I found one absolutly BEAUTIFUL warmblood, dapple grey, 16.2, loads of experience, he is worth $15,000 and the owners are selling him for $5 000 !!
The only problem is that he has shivers...which sort of put a hault on buying him. My trainer is calling the vet, and we are taking him for a 30 day trial so we see how he is with some meds and some usual excersize. 
I would like to know more, does anyone know anything about shivers?
I've searched online and didn't find too much. 
Is equine shivers something i should be worried about while buying a horse, or is it something manageable that won't effect his preformance and overal health in the long run?


----------



## tealamutt (Aug 21, 2009)

Lonannuniel said:


> I am currently looking for a horse to buy.
> I found one absolutly BEAUTIFUL warmblood, dapple grey, 16.2, loads of experience, he is worth $15,000 and the owners are selling him for $5 000 !!
> The only problem is that he has shivers...which sort of put a hault on buying him.
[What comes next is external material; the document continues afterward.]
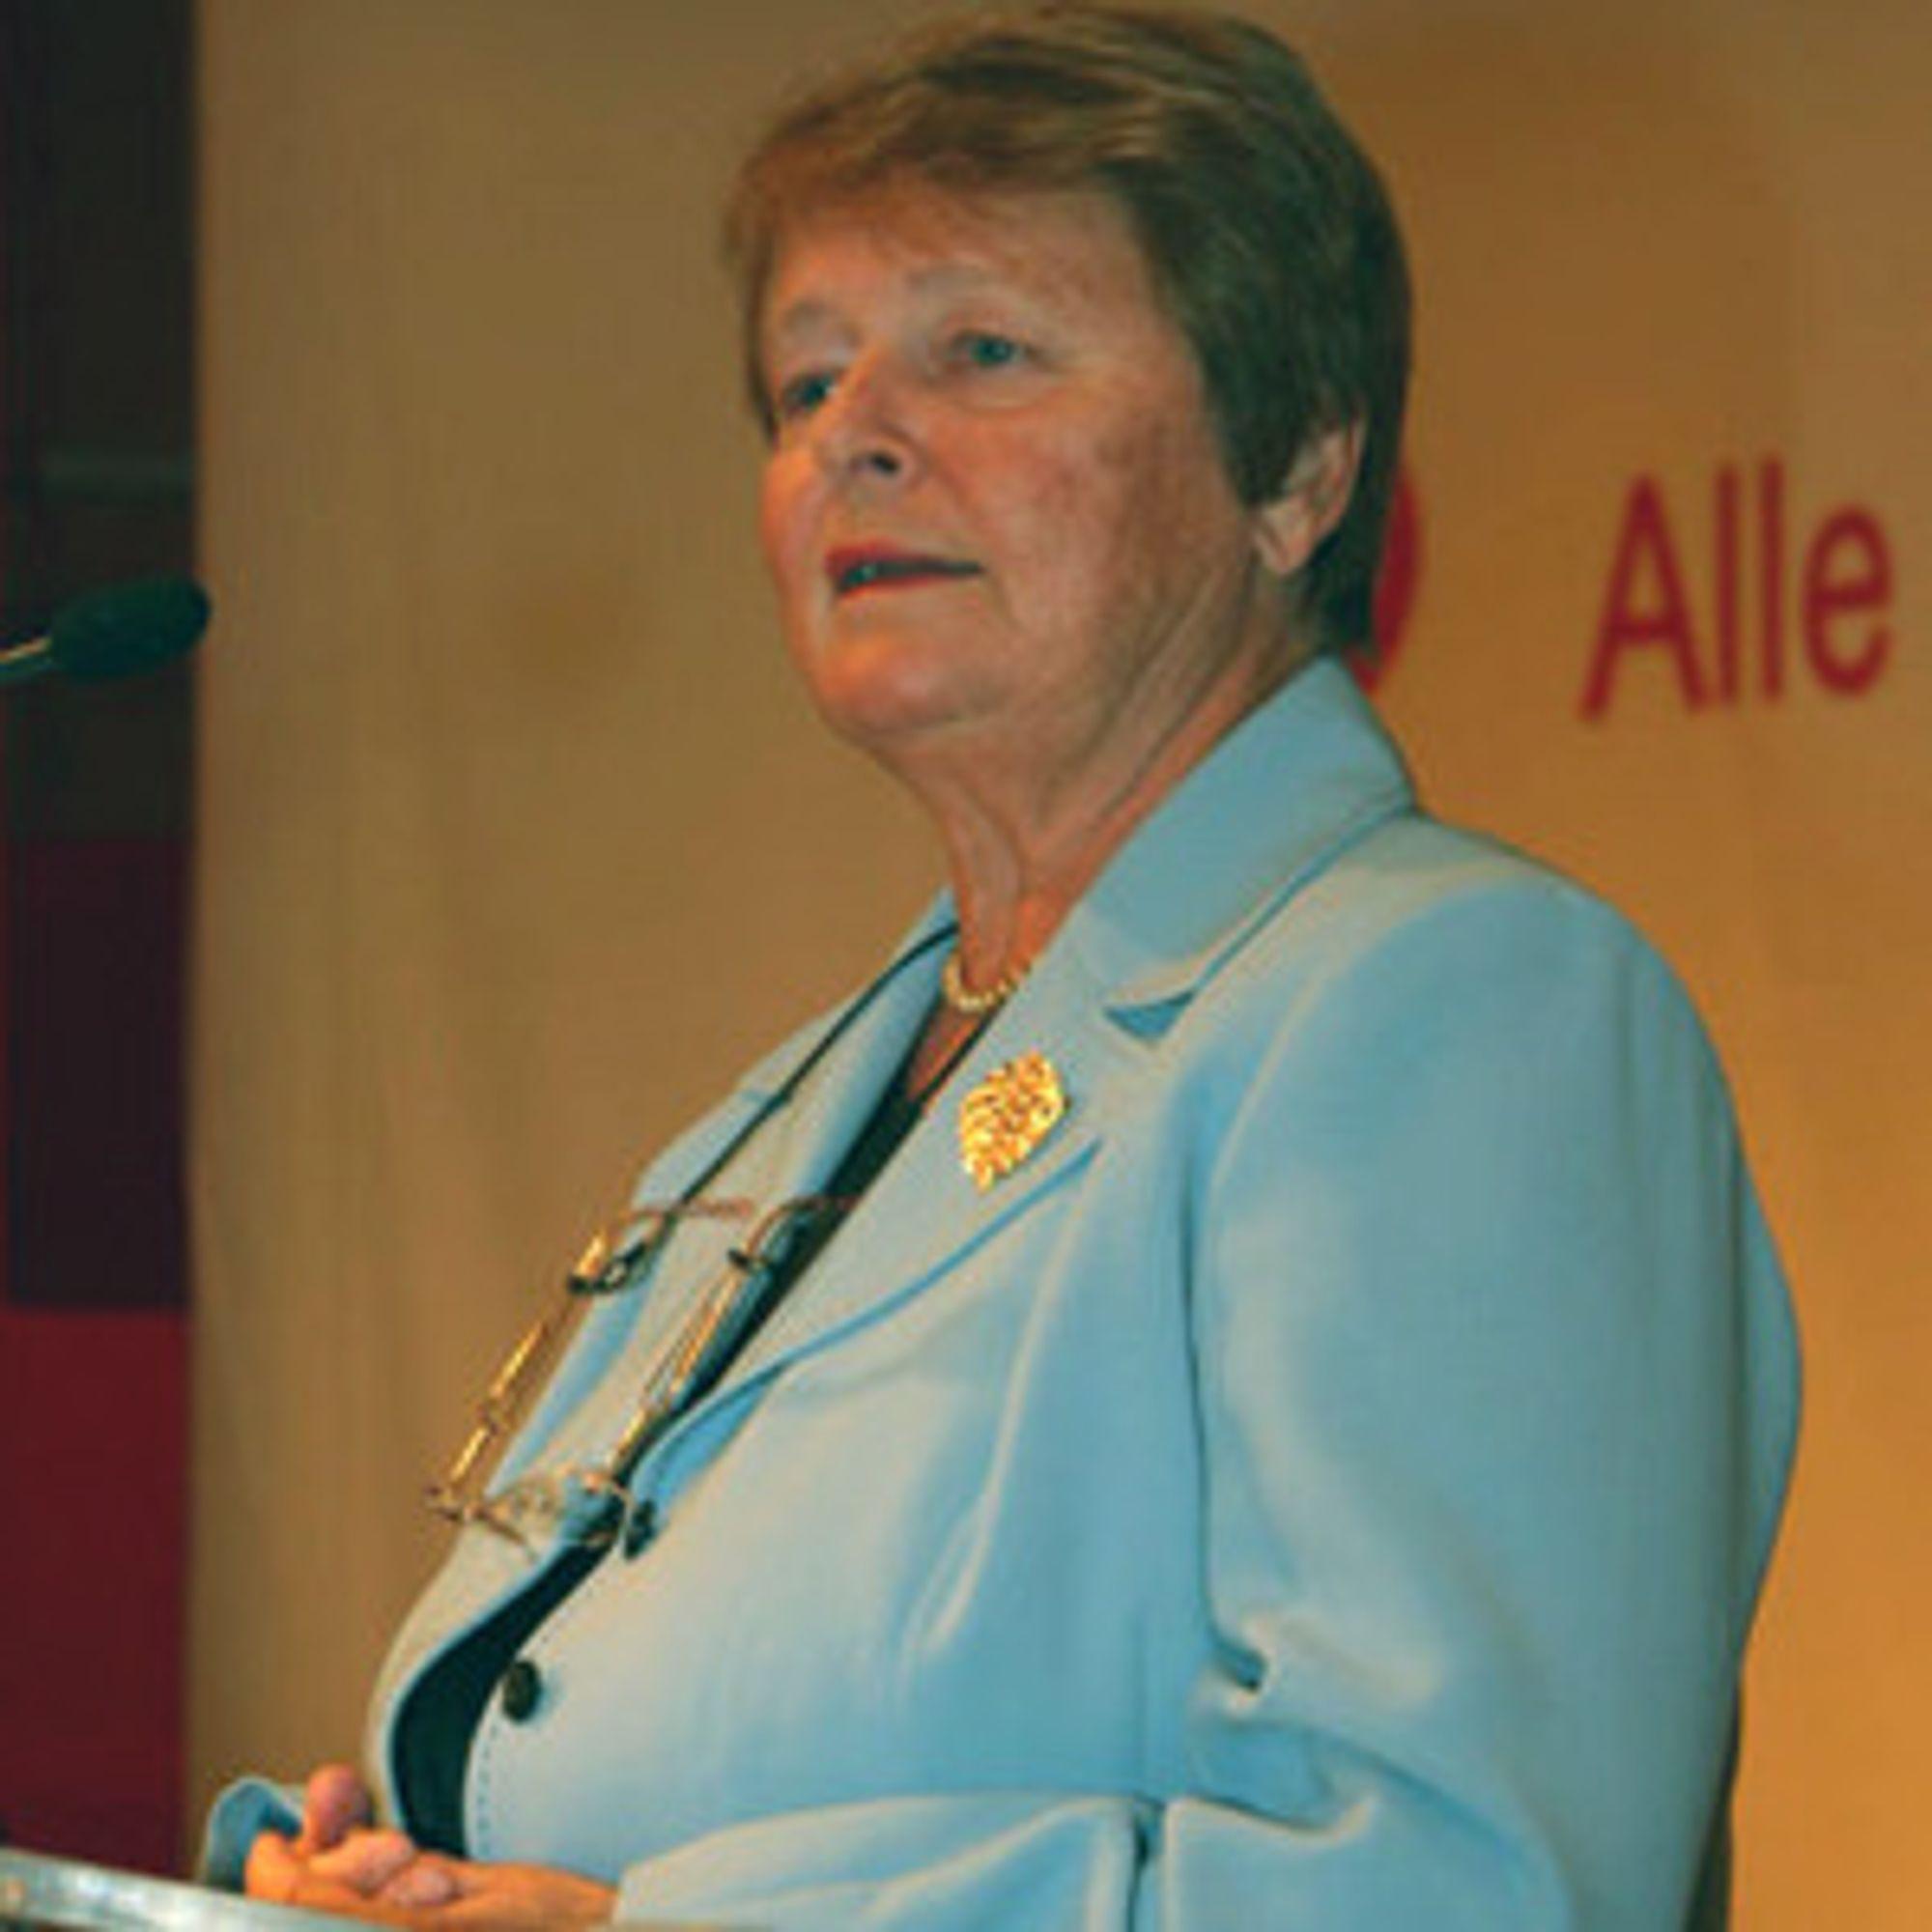 Skal en miljøteknologipris med Gro Harlem Brundtlands navn deles ut i Trondheim, eller skal en miljøpris i hennes navn deles ut i Tromsø?
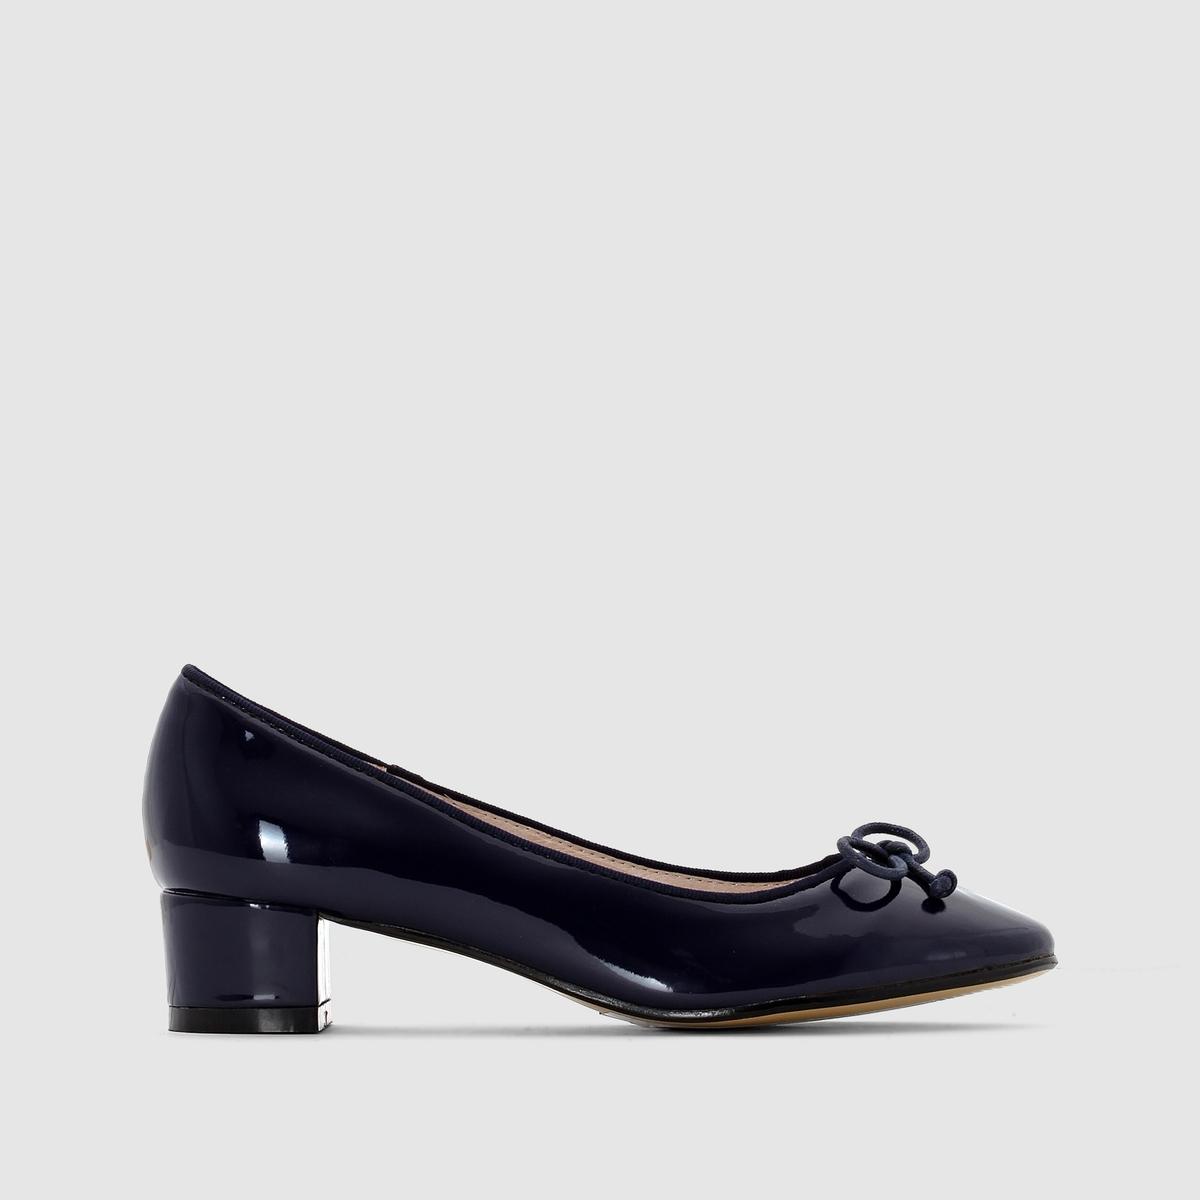 БалеткиМы советуем выбирать обувь на размер больше, чем ваш обычный размер  .<br><br>Цвет: телесный,темно-синий<br>Размер: 37.40

My trainer is calling the vet, and we are taking him for a 30 day trial so we see how he is with some meds and some usual excersize.
> I would like to know more, does anyone know anything about shivers?
> ...



It really depends on what you want to use him for. Shivers is a neurologic condition which is somewhat controversial and much debated about. It is a progressive degenerative disease so unless you want to use him sort of lightly and short term, probably not the best horse for you. Also, people will tell you "my horse is worth $x,000". Anything in life is only worth what you are getting cash in hand for. If someone is actually handing them $15 grand then that is what he is worth. If they have to pay someone to adopt him out, that is what he is worth. Make sure he's also been checked for roaring since the two often go together.


----------



## Jillyann (Mar 31, 2009)

What is roaring? I have never heard of that, or Shivers. :lol::?


----------



## shesinthebarn (Aug 1, 2009)

We put a horse down because of shivers a few years a go. He was a 17yr old standardbred. He declined pretty quickly after diagnosis - muscle wasting and loss of coordination in his limbs. 
I'd be carefull - the horse may seem OK now, but they can turn quickly.


----------



## mom2pride (May 5, 2009)

I would likely steer clear of a horse with a neurological condition like this; you are not gaurenteed to be able to keep it undercontrol, or from progressing, potentially inhibiting the amount of time you will have with the horse.


----------



## tealamutt (Aug 21, 2009)

Jillyann, roaring is a condition in which damage to a nerve reduces their ability to fully open their trachea when breathing so they make a very loud, roaring noise.


----------



## Echo (Oct 4, 2009)

Shivers is a progressive problem, the horse will never get better, only worse I had a horse on loan for a time with shivers - eventually my farrier refused to shoe him on the hinds as it was dangerous for the farrier. 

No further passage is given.